April 08, 2021

On Wednesday, 7 April 2021 at 21:20:11 UTC, Sebastiaan Koppe wrote:

>

Having been inspired by the Senders/Receivers C++ proposal http://www.open-std.org/jtc1/sc22/wg21/docs/papers/2020/p0443r14.html I started an implementation here https://github.com/symmetryinvestments/concurrency [*]

I initially dismissed the proposal completely, and it took me at least a few months before I realized the beauty of it.

Now, I see them as fundamental building blocks in asynchronous code. They are cancelable, they avoid unnecessary allocations and synchronizations, and above all, they adhere to the principles of structured concurrency.

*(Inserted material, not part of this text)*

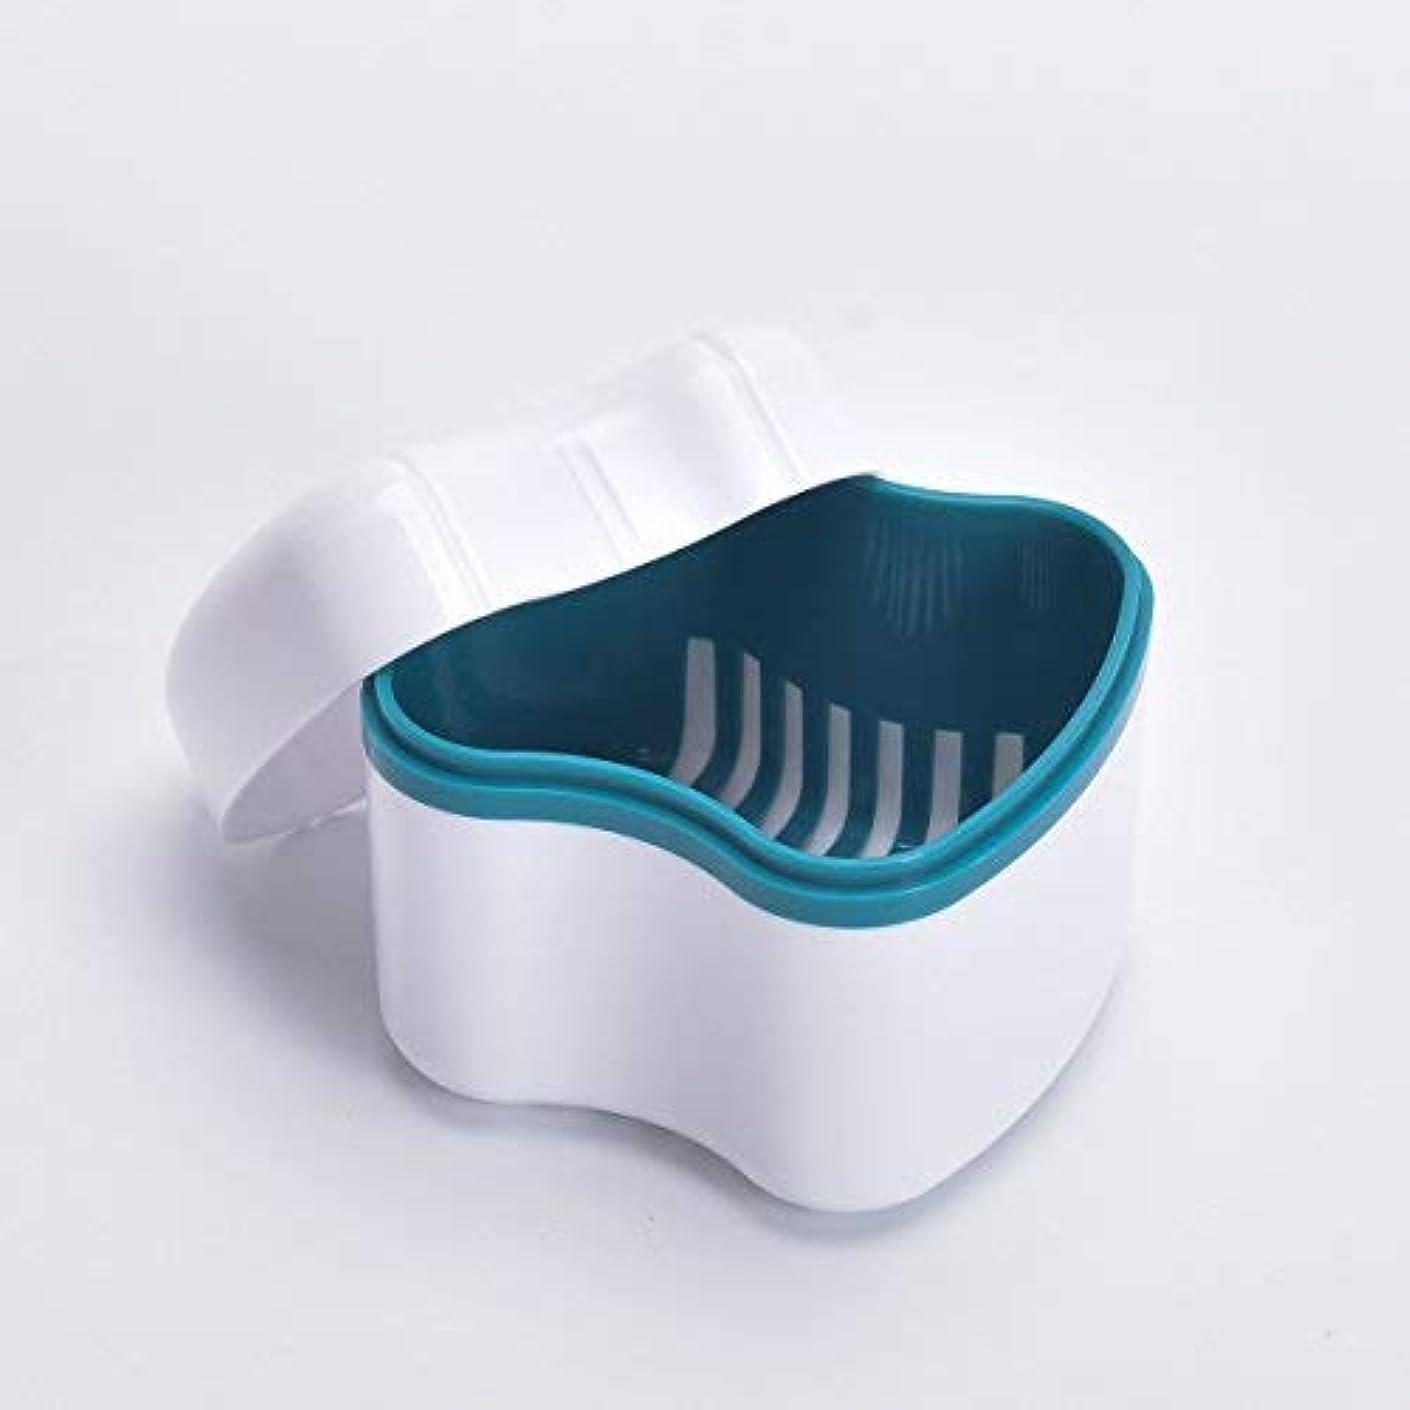 コンプリートベーカリー支払い入れ歯キレイ 口腔専科  保管ケース 白い地味タイプヨーロッパ式 Annhua

This is a good talk from eric niebler about them:

https://www.youtube.com/watch?v=h-ExnuD6jms

[*] it are still early days but it implements a fair bit of useful asynchronous algorithms.

Thanks!

Looking into this a bit, I understand that this doesn't quite attempt to solve the same problems.

The document and the talk begins about how this is aimed to be a tool at doing parallel/asynchronous computations. Promises and async/await are mainly concerned about scheduling execution of code on the CPU asynchronously while avoiding waiting for blocking operations (network or I/O). Everything still runs on one thread.

I wasn't able to quickly divine if this approach allows avoiding the value copy as delegates do. If they do, would you mind explaining how (such as in the case that a promise/equivalent is resolved immediately, before a result handler is attached)?

April 08, 2021

On Wednesday, 7 April 2021 at 16:43:59 UTC, Vladimir Panteleev wrote:

>

You don't need an object pool at all with delegates. You can just pass a slice of an array on the stack.

Yes, I cloud just free it.

>

The paragraph you quoted discussed delegates, not promises. Promises do need a copy always, as I stated in my post.

I think it depends on the Promise lifetime and the Caller lifetime.

In my code the buffer do copy at caller lifetime finished like scope exit or __dtor, or it need a bigger capability.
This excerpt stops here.